### [What is expected]
Your reply must contain the lines from the one with "Product image from" through the last line of the material, exact and complete, with no pictures and no other text.

### [Supplied information]
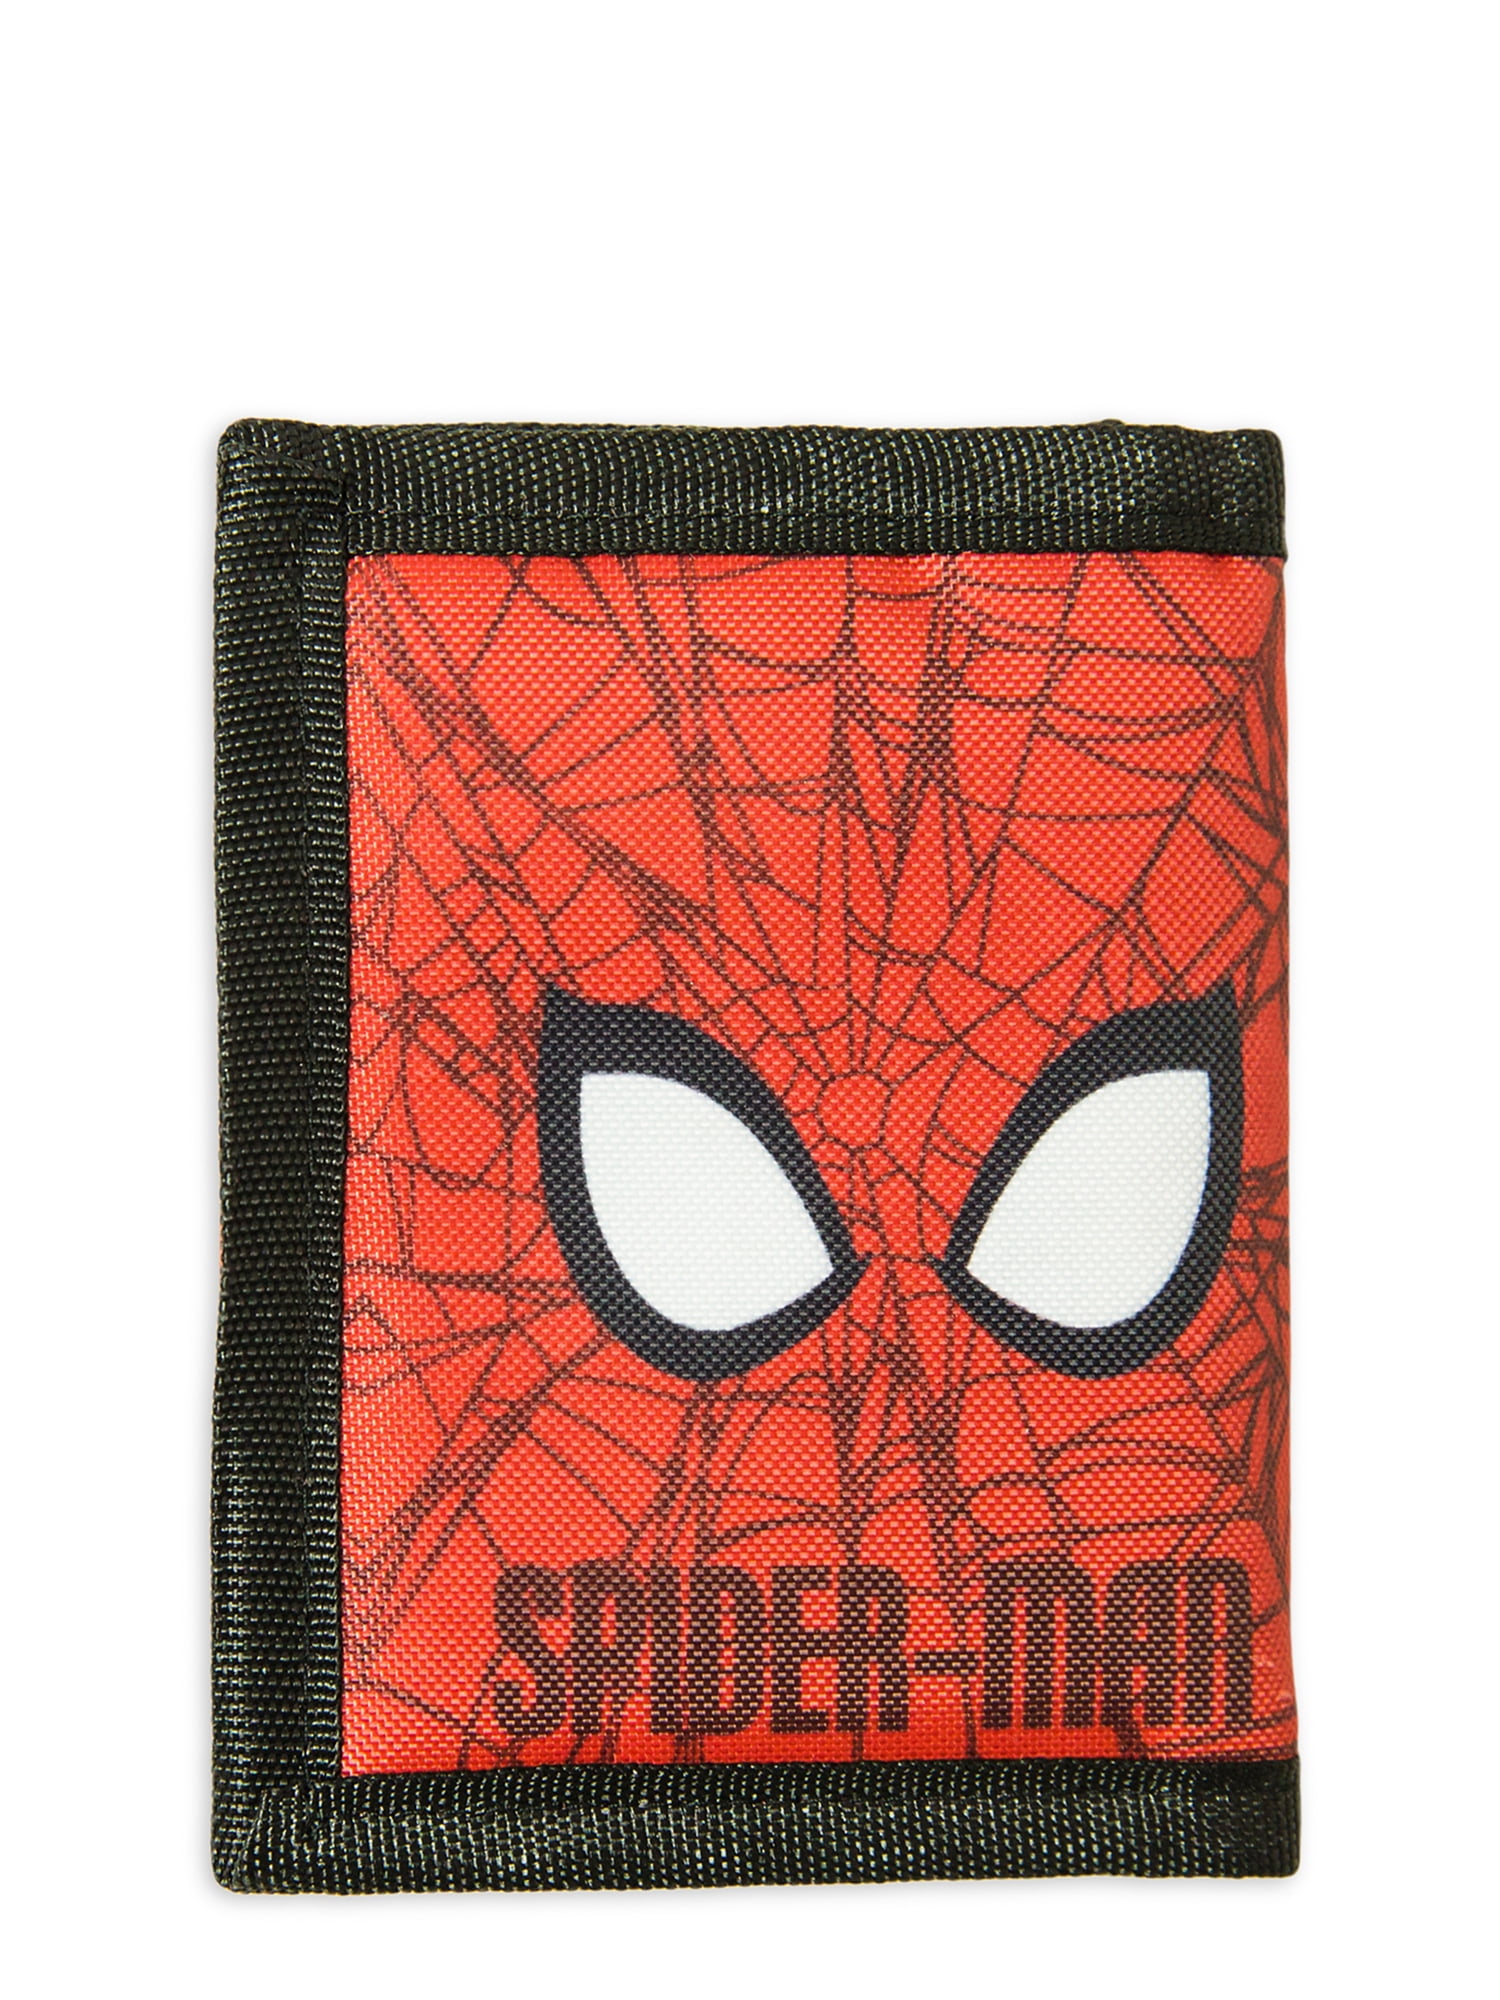 Marvel Spider Man Wallet Canvas Tri-fold Bill Coin Pocket Boy Gift Blue
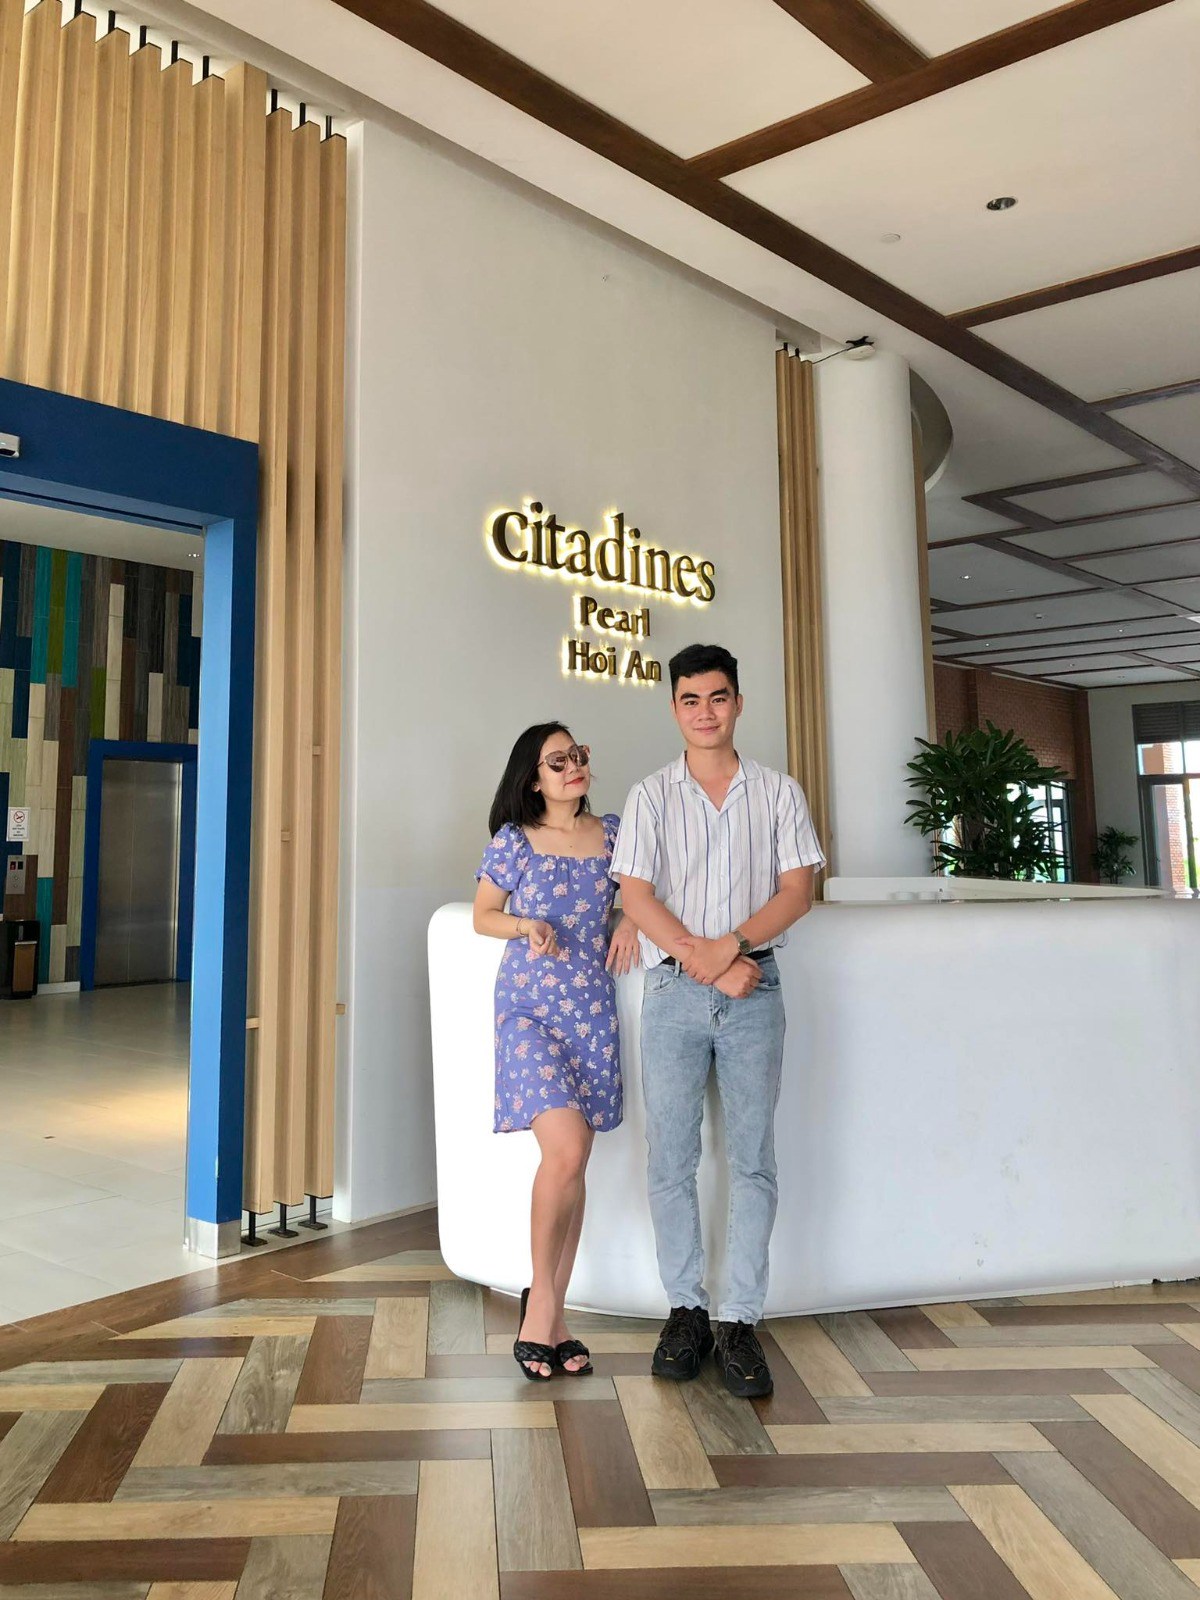 Citadines Pearl Hoi An: Cam kết mang đến cho khách hàng trải nghiệm khách sạn đặc biệt và bền vững
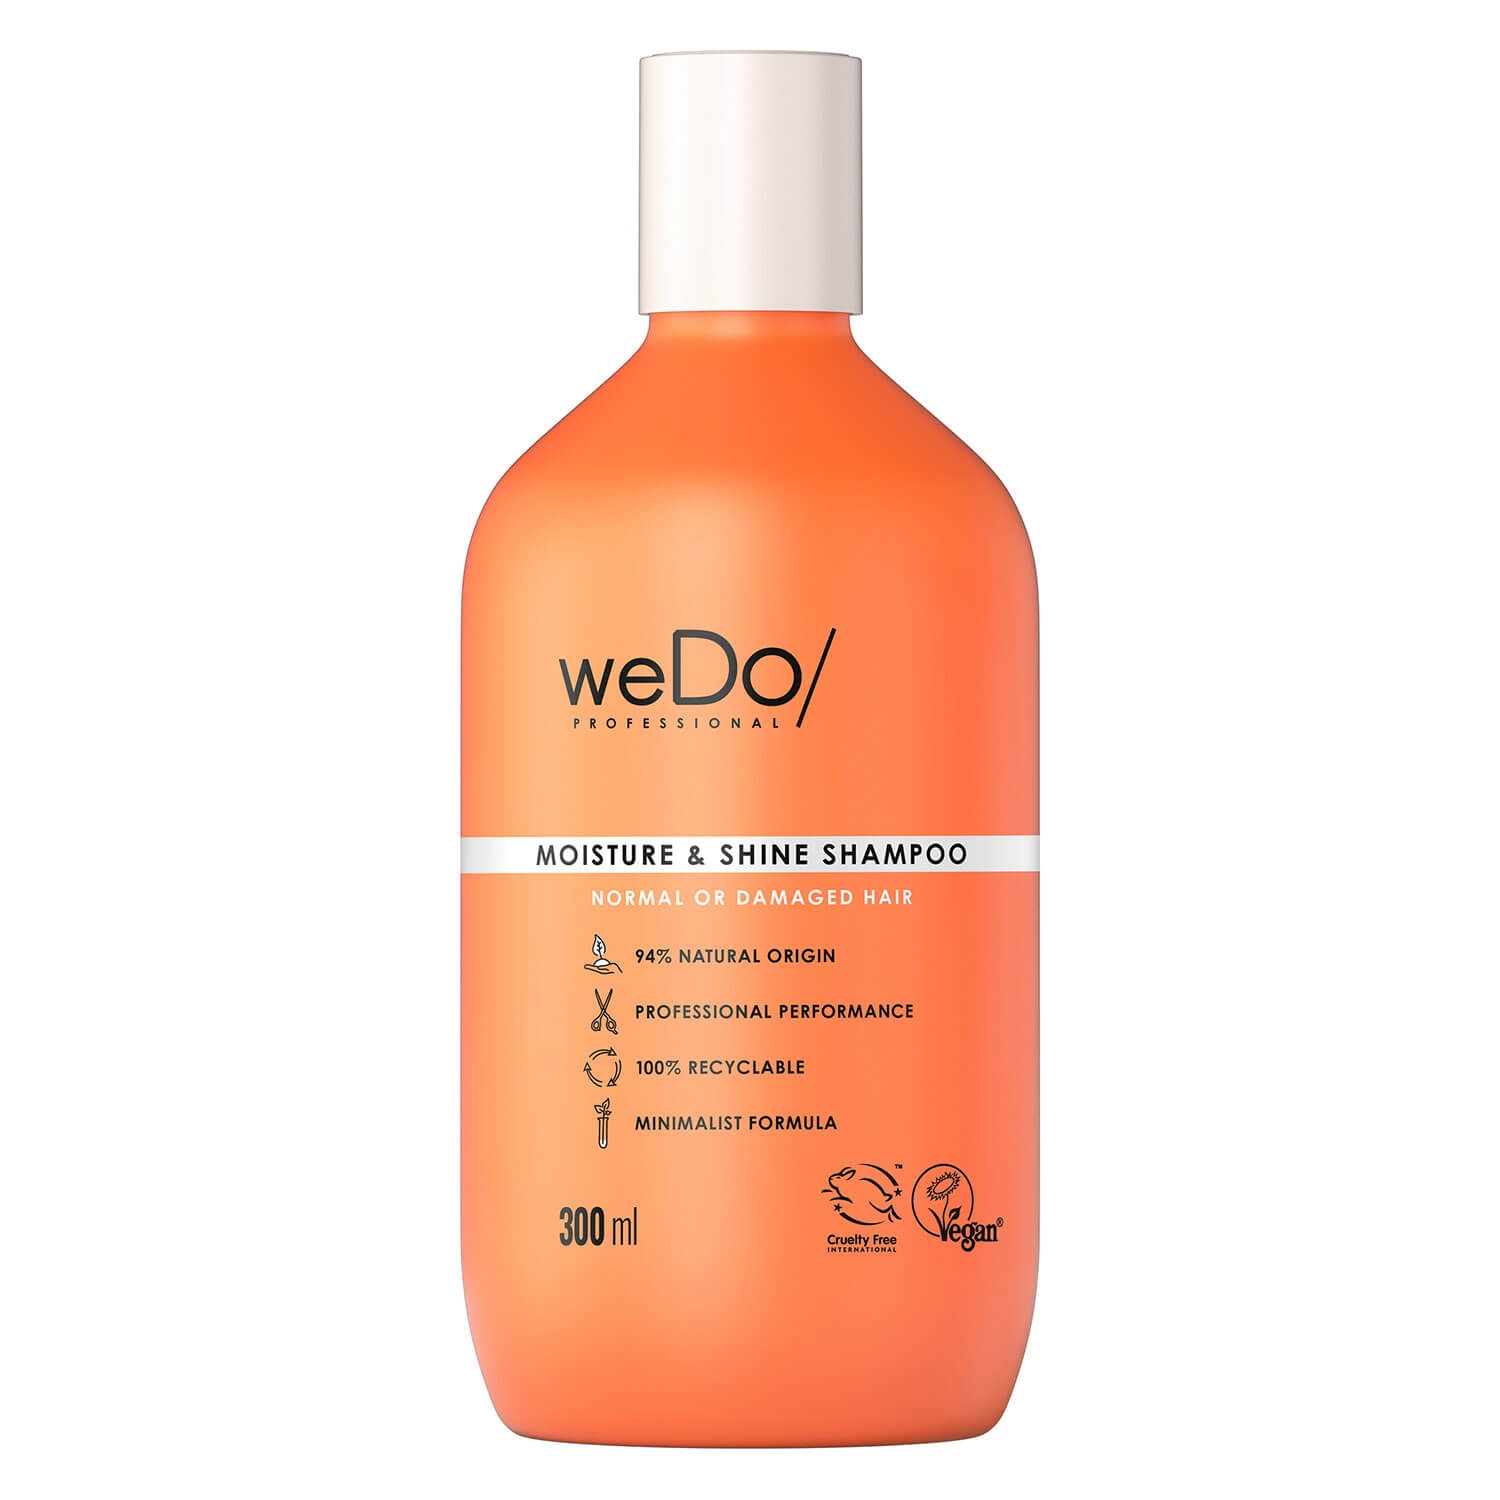 Product image from weDo/ - Moisture & Shine Shampoo
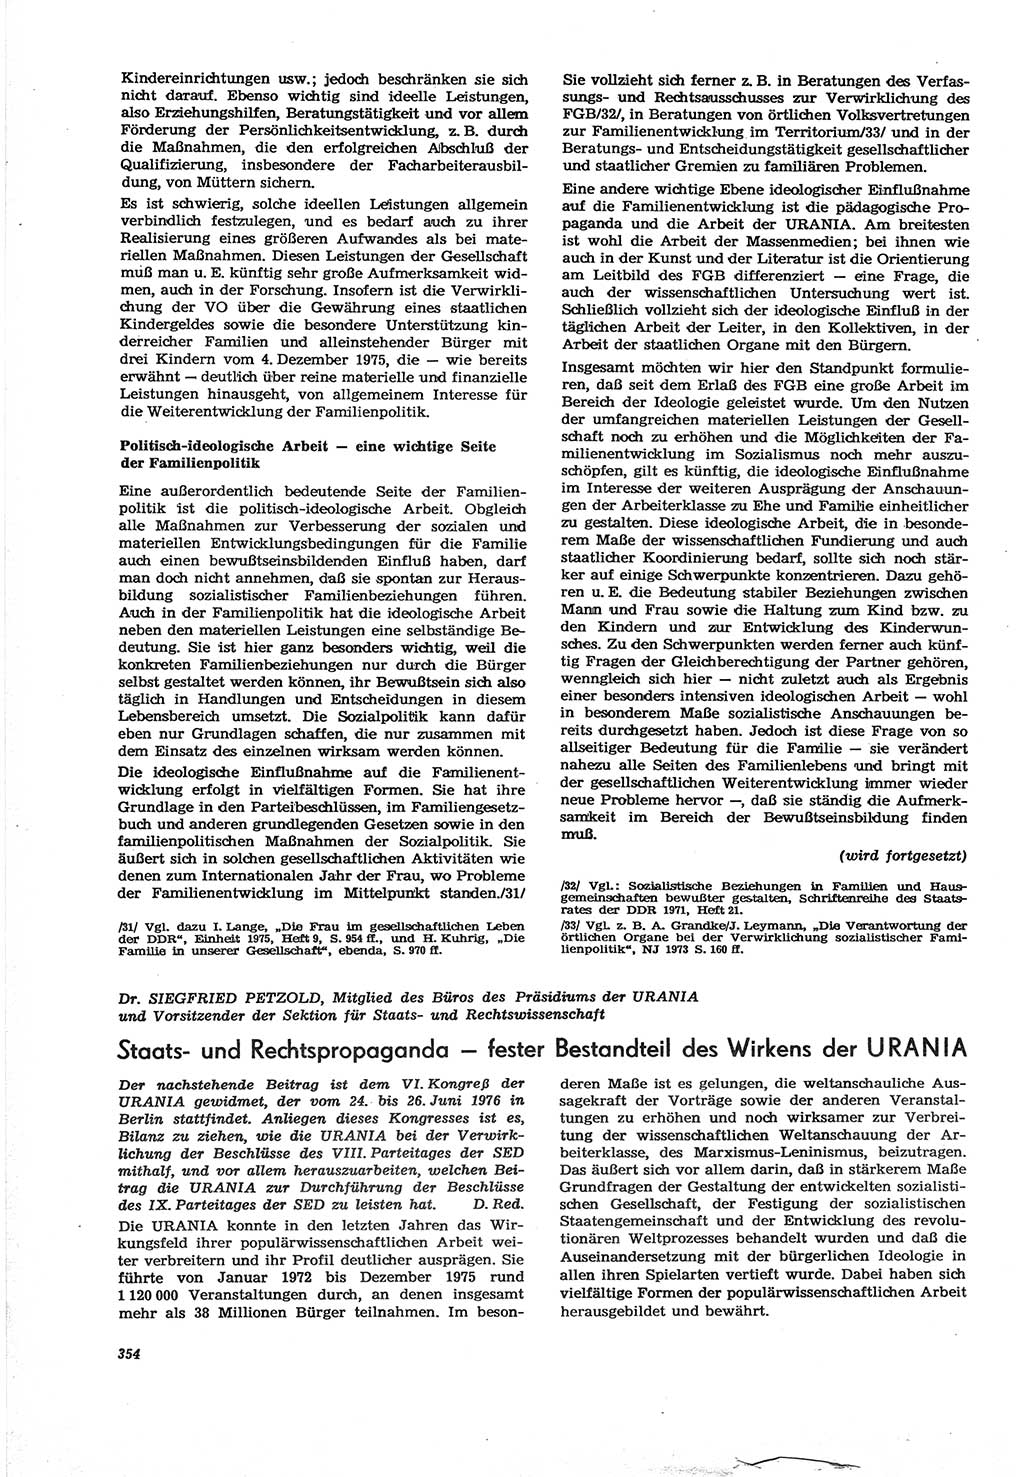 Neue Justiz (NJ), Zeitschrift für Recht und Rechtswissenschaft [Deutsche Demokratische Republik (DDR)], 30. Jahrgang 1976, Seite 354 (NJ DDR 1976, S. 354)

### [Output below]
 Product image from weDo/ - Moisture & Shine Shampoo
 Neue Justiz (NJ), Zeitschrift für Recht und Rechtswissenschaft [Deutsche Demokratische Republik (DDR)], 30. Jahrgang 1976, Seite 354 (NJ DDR 1976, S. 354)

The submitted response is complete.